Let us say that the 8 numbers are a1 b1, a2 b2, a3 b3 … a8 b8 …{eg: 38}
They actually represent a1*10 + b1, a2*10 + b2 … a8*10 + b8 …{eg: 3*10 + 8}
Sum of the numbers = (a1 + a2 + a3 .. a8)*10 + (b1 + b2 + b3 .. b8)
Reversed numbers will be b1 a1, b2 a2, … b8 a8
Sum of the reversed numbers will be (b1 + b2 + b3 .. b8)*10 + (a1 + a2 + a3 .. a8)

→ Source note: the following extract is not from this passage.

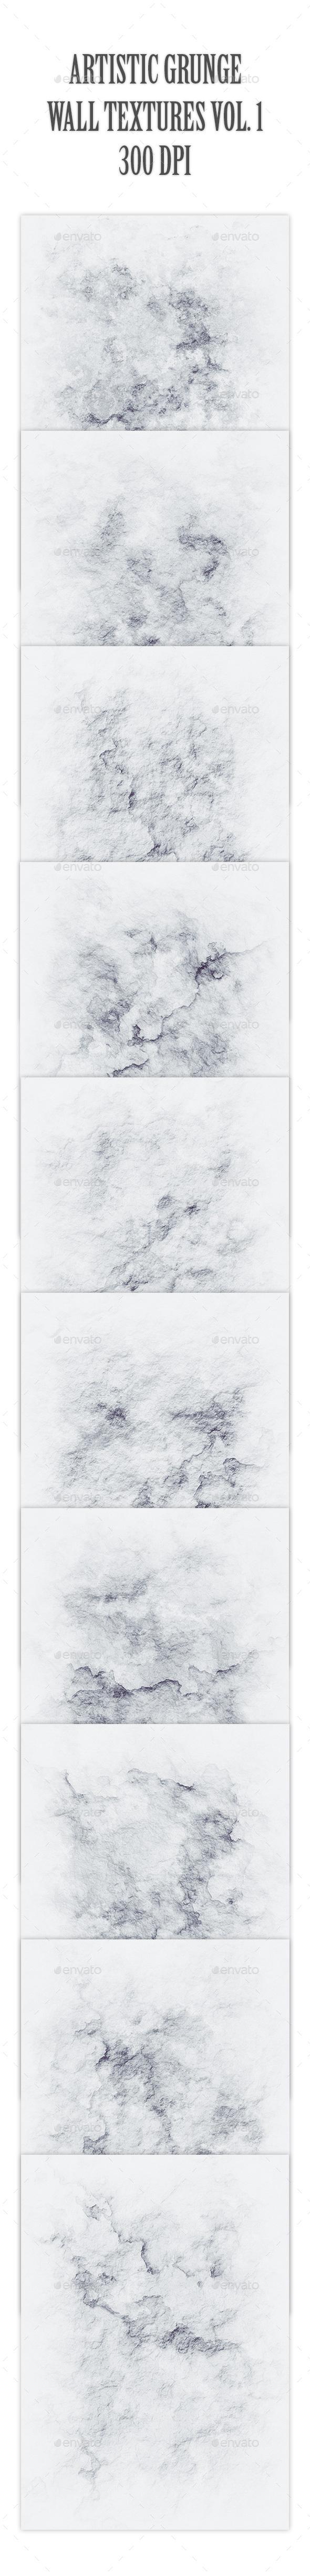 Artistic Grunge Wall Textures Vol. 1 - Industrial / Grunge Textures

Reverse sum – actual sum = 36 … {Given in the question}
(b1 + b2 + b3 .. b8)*9 – (a1 + a2 + a3… a8)*9 = 36
=> (b1 + b2 + b3 … b8) – (a1 + a2 + a3 … a8) = 4 {9 can be taken common and cancelled from both sides}
=> Sum of the units digits – Sum of the tens digits = 4
Most Upvoted Answer
A student was given 8 two-digit numbers to add,by a teacher.If the stu...

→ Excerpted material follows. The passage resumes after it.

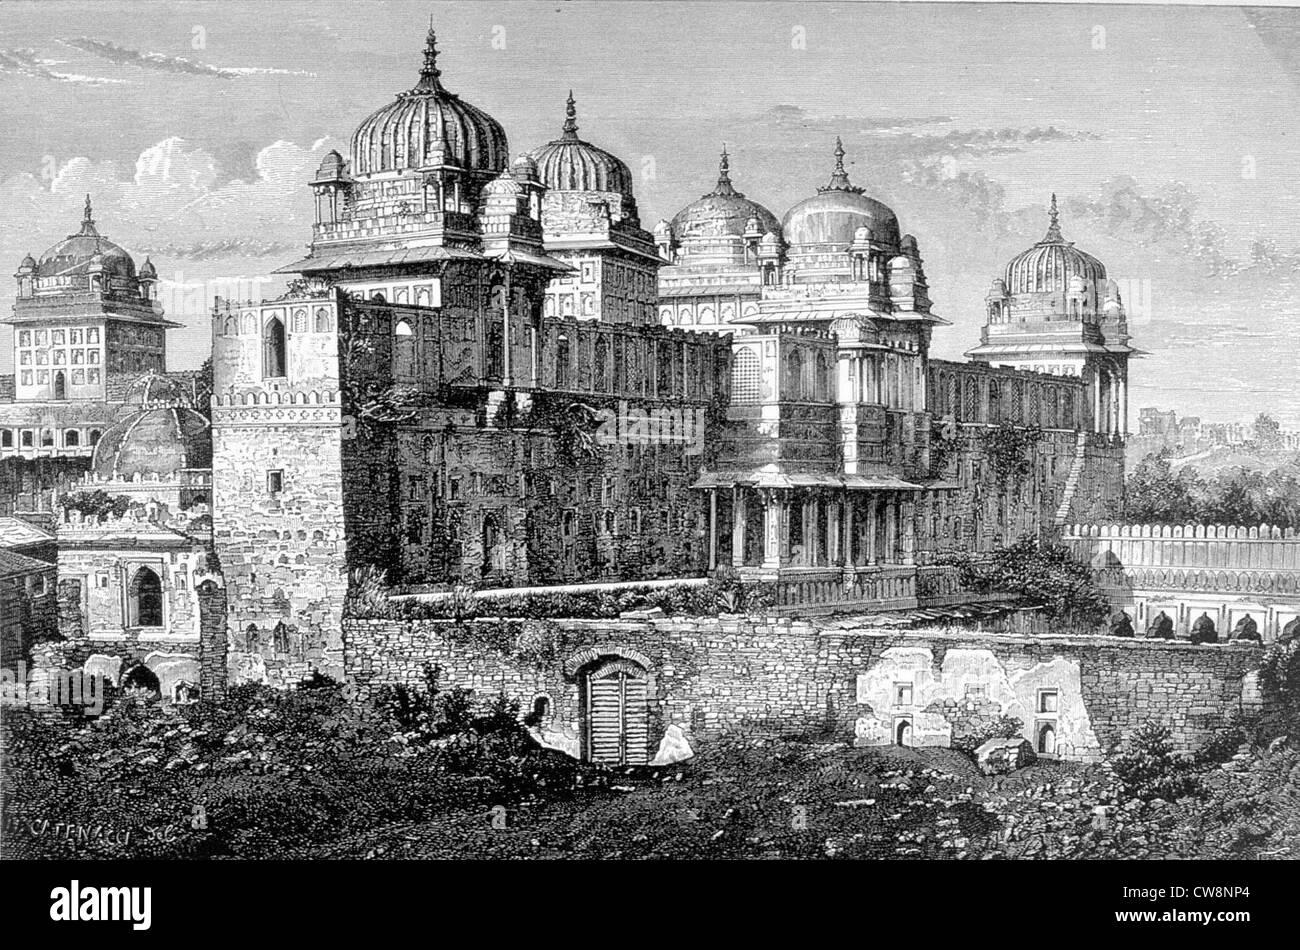 Raj Mahal (Royal Palace ) in Ourtcha - Stock Image

To solve this problem, let's break it down step by step:
Step 1: Let's assume the ten's digit of the first number is a and the unit's digit is b. So the original number is 10a + b.
Step 2: If we reverse this number, we get 10b + a.
Step 3: Now, let's add the original number and the reversed number:
(10a + b) + (10b + a) = 11a + 11b = 11(a + b)
Step 4: According to the problem, the sum of the reversed numbers is 36 more than the actual sum. So we can write the equation as:
11(a + b) = (a + b) + 36
Step 5: Simplifying the equation:
10(a + b) = 36
Step 6: Divide both sides of the equation by 10:
a + b = 3.6
Step 7: Since the ten's digit and unit's digit are integers, we can conclude that a + b must be equal to 4.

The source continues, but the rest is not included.